Neisseria bacilliformis

Scientific classification
- Domain: Bacteria
- Kingdom: Pseudomonadati
- Phylum: Pseudomonadota
- Class: Betaproteobacteria
- Order: Neisseriales
- Family: Neisseriaceae
- Genus: Neisseria
- Species: N. bacilliformis
- Binomial name: Neisseria bacilliformis Han, et al., 2006
- Type strain: CCUG 50858 T MDA 2833 ATCC BAA-1200

= Neisseria bacilliformis =

- Genus: Neisseria
- Species: bacilliformis
- Authority: Han, et al., 2006

Species of bacterium

Neisseria bacilliformis is a bacterium commonly found living as a commensal in the mucous membranes of mammals. However, depending on host immunocompetence, there have been documented cases of N. bacilliformis infections of the respiratory tract and oral cavity thus making it an opportunistic pathogen. It was originally isolated from patients being treated in a cancer center. Rarely, a more serious infection such as endocarditis can occur often as a result of a predisposing condition.

==Morphology==
With the exceptions of N. elongata and N. weaveri, most members of the genus Neisseria have a cocci or diplococci cellular morphology. However, N. bacilliformis has a bacillus morphology measuring 0.6 μm by 1.3 μm to 3.0 μm. N. bacilliformis is nonmotile and it undergoes aerobic respiration. It stains Gram negative and has been successfully cultured on chocolate agar and sheep blood agar. No hemolysis has been observed. Growth has been documented on trypticase soy agar, but the size of the colonies are roughly half that of those cultured on chocolate agar and sheep blood agar. Growth has not been achieved on modified Thayer–Martin culture agar, the preferred media for culturing N. gonorrhoeae. Colonies are round, smooth, and have a light gray coloration. It tests positive for the oxidase test and negative for indole production. No acid is produced in the presence of dextrose, lactose, maltose, or sucrose. Some strains are capable of reducing nitrate and producing catalase. All strains that have been isolated thus far have shown susceptibility to antibiotics.

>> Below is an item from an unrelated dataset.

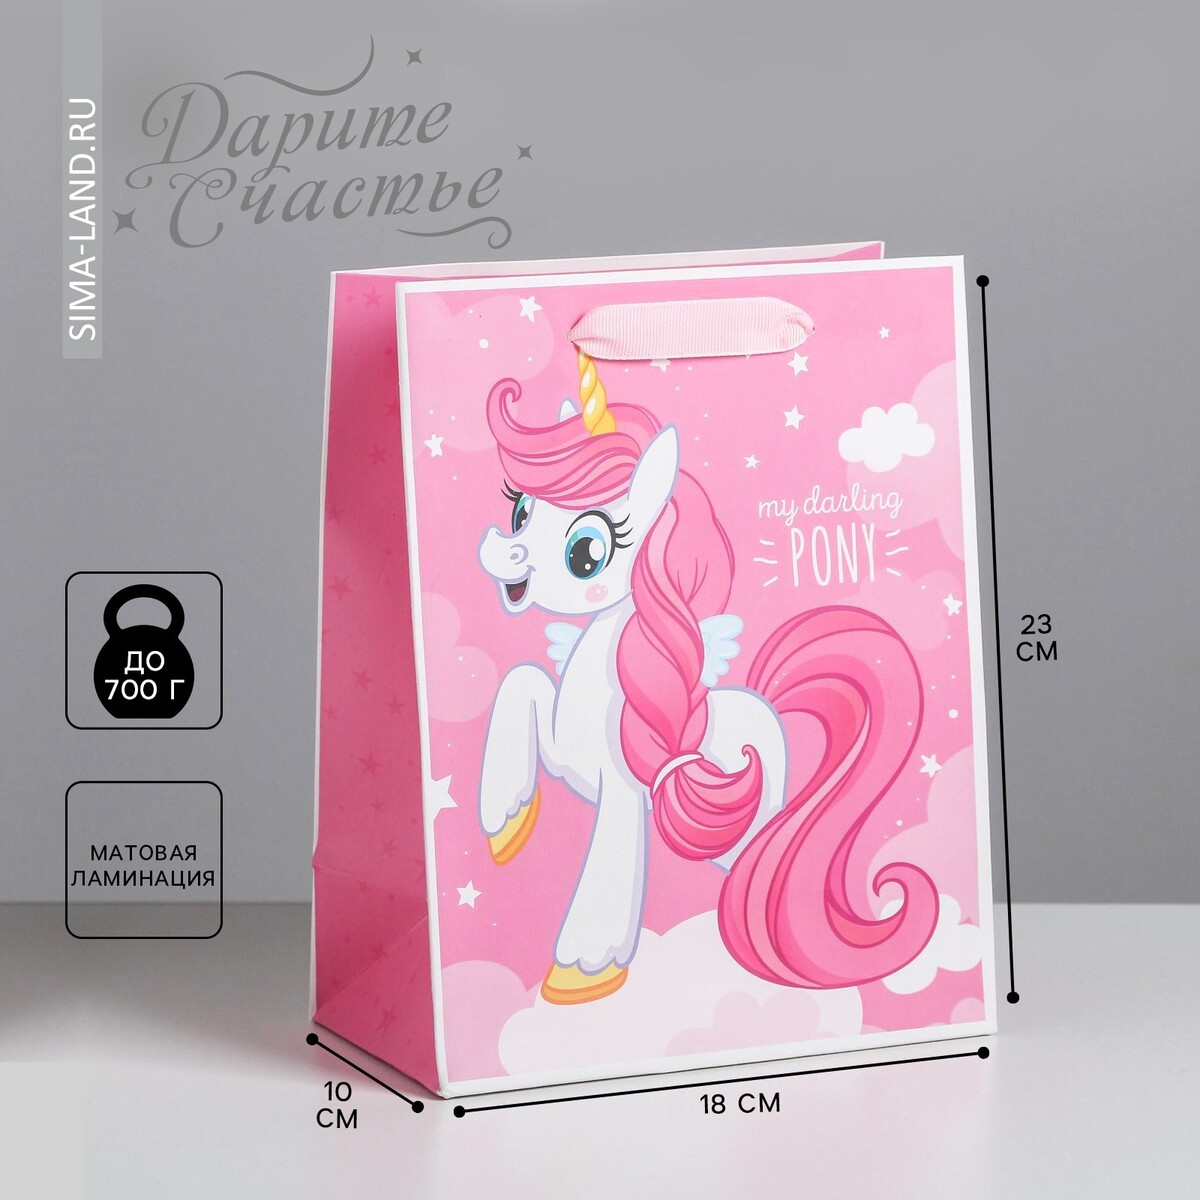 Пакет подарочный ламинированный вертикальный, упаковка, my darling pony, ms 18 х 23 х 10 см пакет ламинированный вертикальный my darling pony ms 18 × 23 × 10 см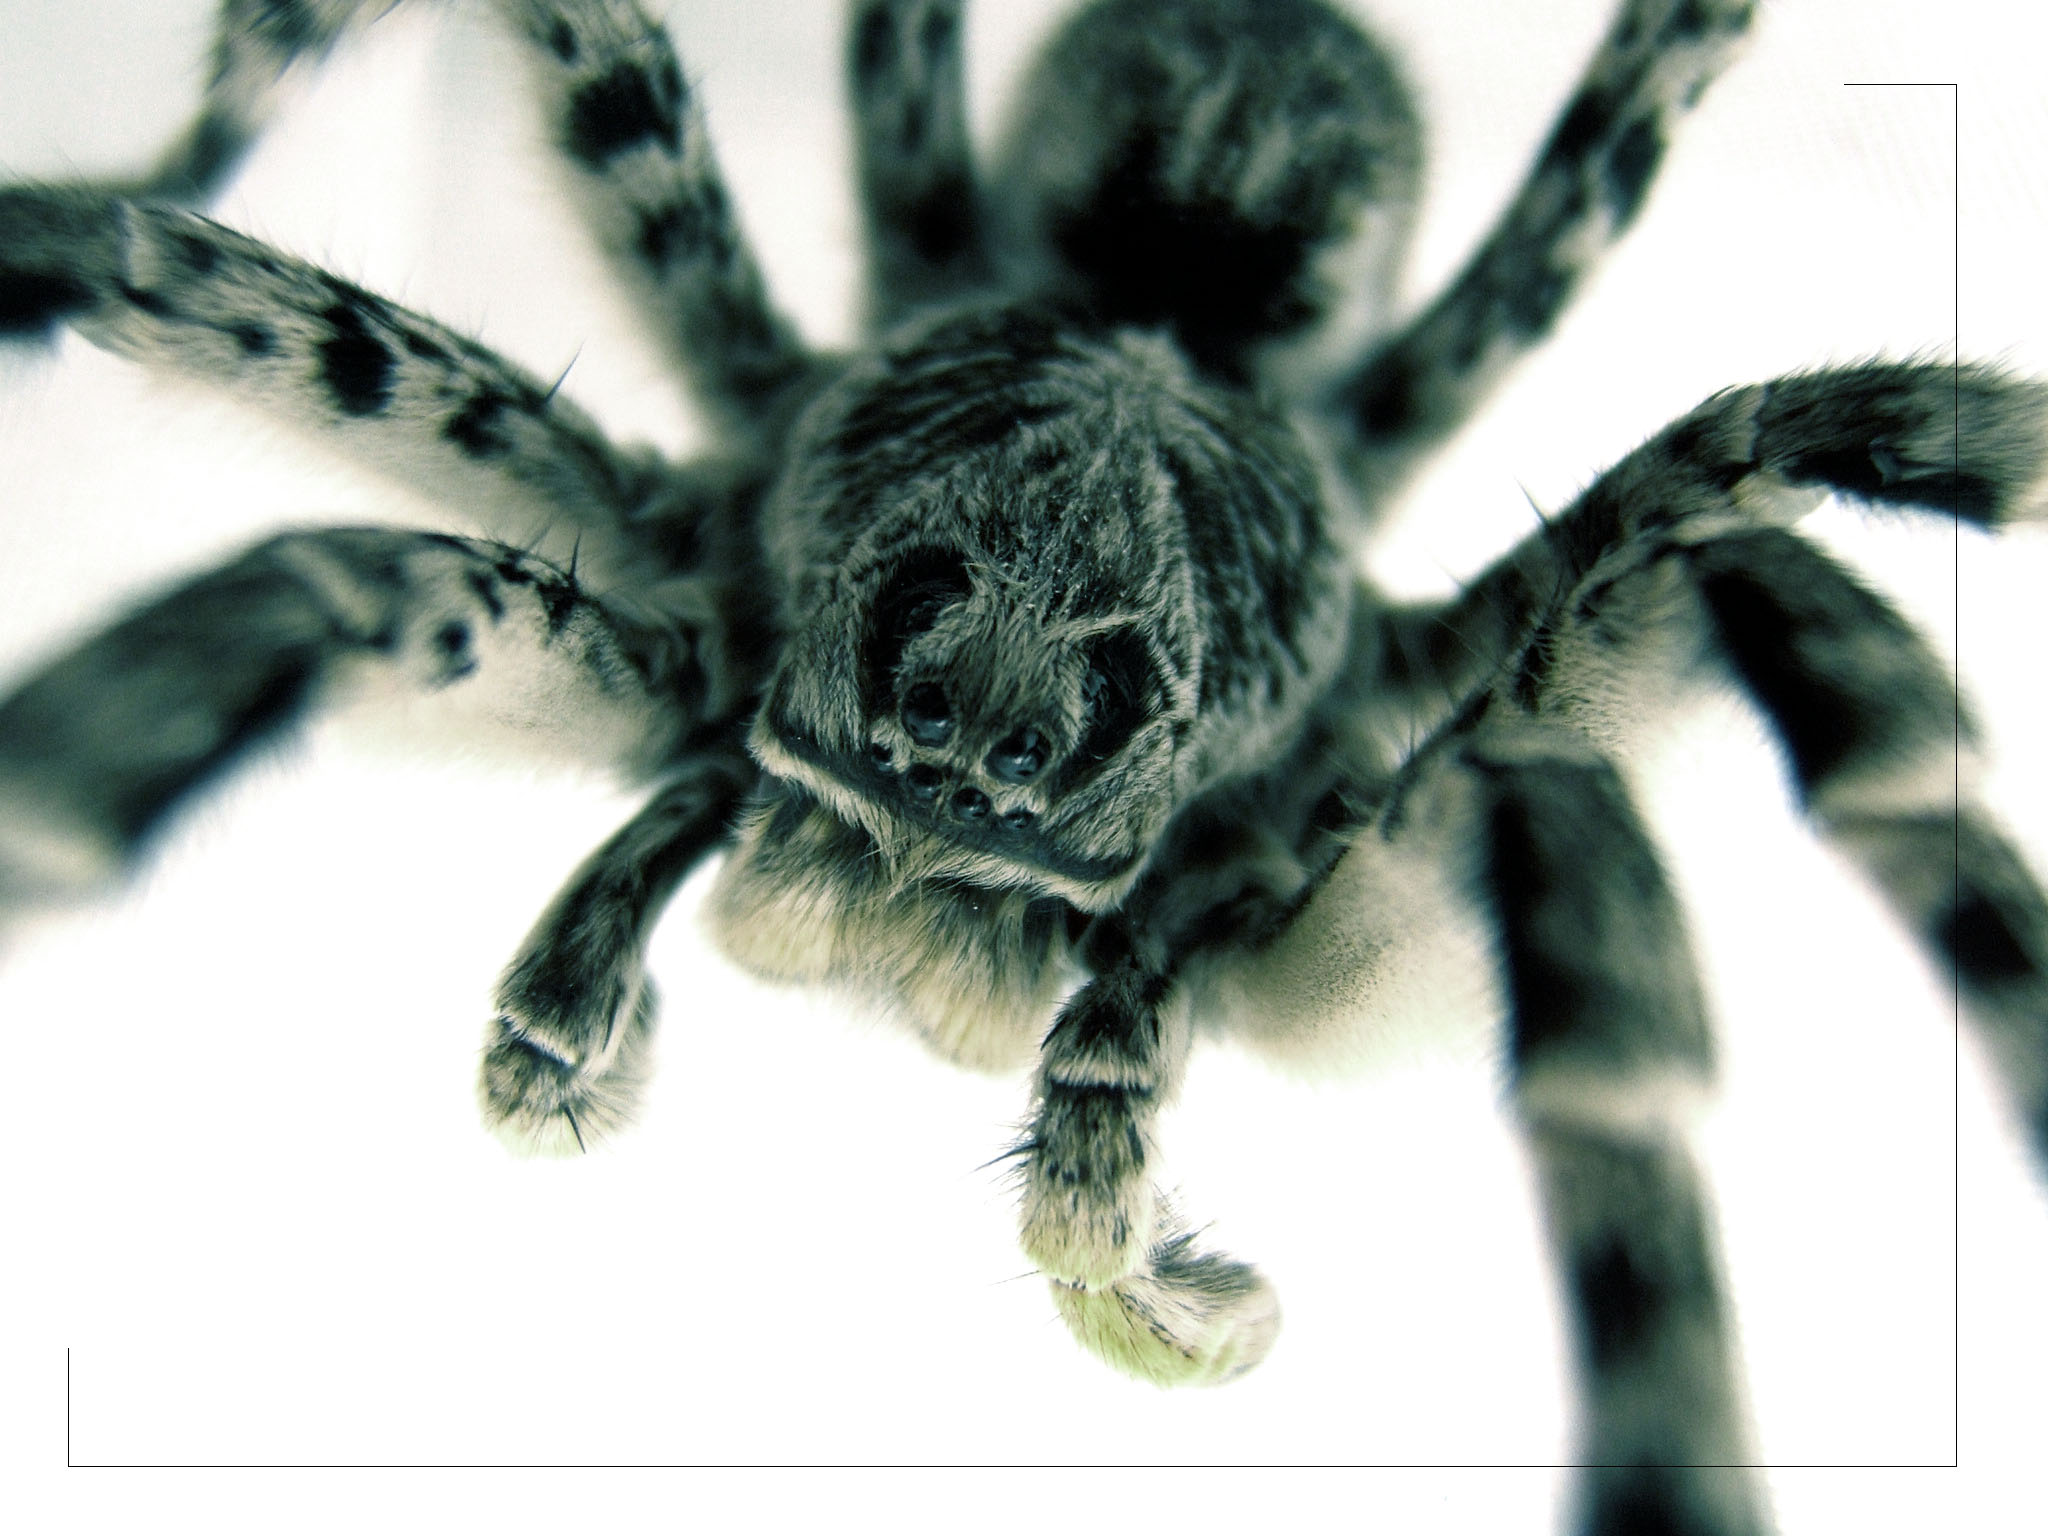 spiders, arachnids - desktop wallpaper

==Clinical differentiation==
Clinical microbiology laboratories often misidentify N. bacilliformis as a member of the genus Pasteurella or Moraxella. They too are commensals of the respiratory tract, and encountering a Neisseria spp. with a bacillus morphology is unusual. Similar morphological and biochemical identifiers of N. elongata further compound such misidentifications. Thus it is possible that some cases that were identified as N. elongata infections using phenotypic assays may have been caused by N. bacilliformis. 16S rRNA phylogenetic analysis has been used to identify a member of Neisseria from closely related genera, but this method is unable to distinguish amongst the various species that compose the genus Neisseria. Whole-genome sequence data is currently the most reliable method to diagnose a N. bacilliformis infection. A proper identification is crucial in order to design the most effective antibiotic therapy.